Madhubani Paintings

The art of Madhubani painting, is the traditional style developed in the Mithila region, in the villages around Madhubani, Bihar. Madhubani literally means a forest of honey. This style of painting has been traditionally done by the women of the region, though today men are also involved to meet the demand. Hindu women who live in villages near the market town of Madhubani in northern India maintain old traditions and teach them to their daughters. Painting is one of the traditional skills that are passed down from generation to generation in the families of some of the women. They paint figures from nature and myth on household and village walls to mark the seasonal festivals of the religious year, for special events of the life-cycle, and when marriages are being arranged they prepare intricately designed wedding proposals.

Paintings from Madhubani

But even though women in the villages around Madhubani have been practicing their folk art for centuries, the world at large has come to know about these women and to consider them to be "artists" only in the last thirty years. Even now, most of their work remains anonymous.

The women, some of them illiterate, are in any case reluctant to consider themselves individual producers of "works of art" and only a few of them mark the paintings with their own name. Thework is done on freshly plastered or a mud wall. For commercial purposes, the work is now being done on paper, cloth etc. The paintings are basically of religious nature.

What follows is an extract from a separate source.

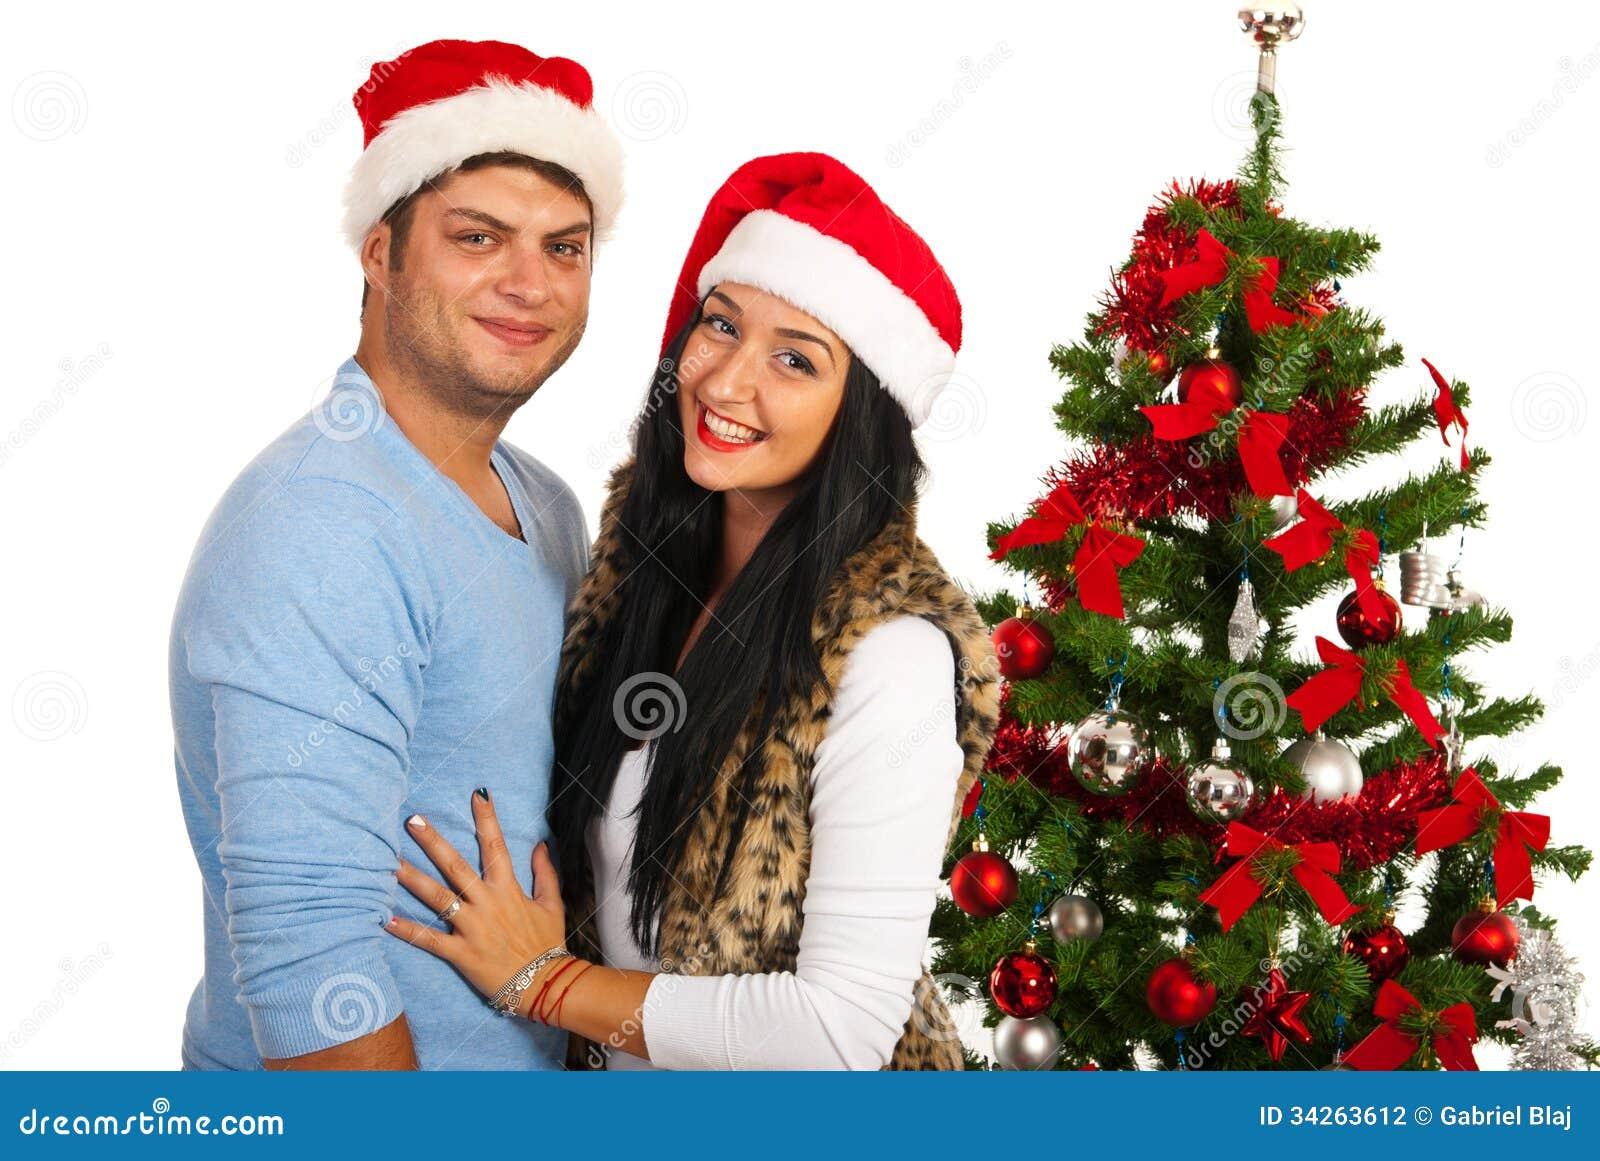 Loving Christmas Couple Stock Photography - Image: 34263612

They are done in the special rooms in their homes (in the pooja room, ritual area, bridal room.), on the main village walls,etc., for ceremonial or ritualistic purpose. The women offer sincere prayers to the deity before starting the work. Figures from nature & mythology are adapted to suit their style.

The themes & designs widely painted are the worship of Hindu deities such as Krishna, Rama, Siva, Durga, Lakshmi, Saraswati, Sun and Moon, Tulasi plant, court scenes, wedding scenes, social happenings around them, etc. Floral, animal and bird motifs, geometrical designs are used to fill up all the gaps.  There is hardly any empty space in this style. The skill is handed down the generations, and hence the traditional designs and patterns are widely maintained.

Madhubani Arts & Crafts

It is believed that King Janaka had asked for paintings to be developed for his daughter Sita's wedding.
Cotton wrapped around a bamboo stick forms the brush. The colours applied are prepared by the artists.  Black colour is obtained by mixing soot with cow dung; yellow from turmeric or pollen or lime and the milk of banyan leaves; blue from indigo; red from the kusam flower juice or red sandalwood; green from the leaves of the wood apple tree; white from rice powder; orange from palasha flowers.

The colours are applied flat with no shading. There is normally a double line drawn for the outlines, with the gap between the lines filled by cross or straight tiny lines. In the linear painting, no colours are applied. Only the outlines are drawn.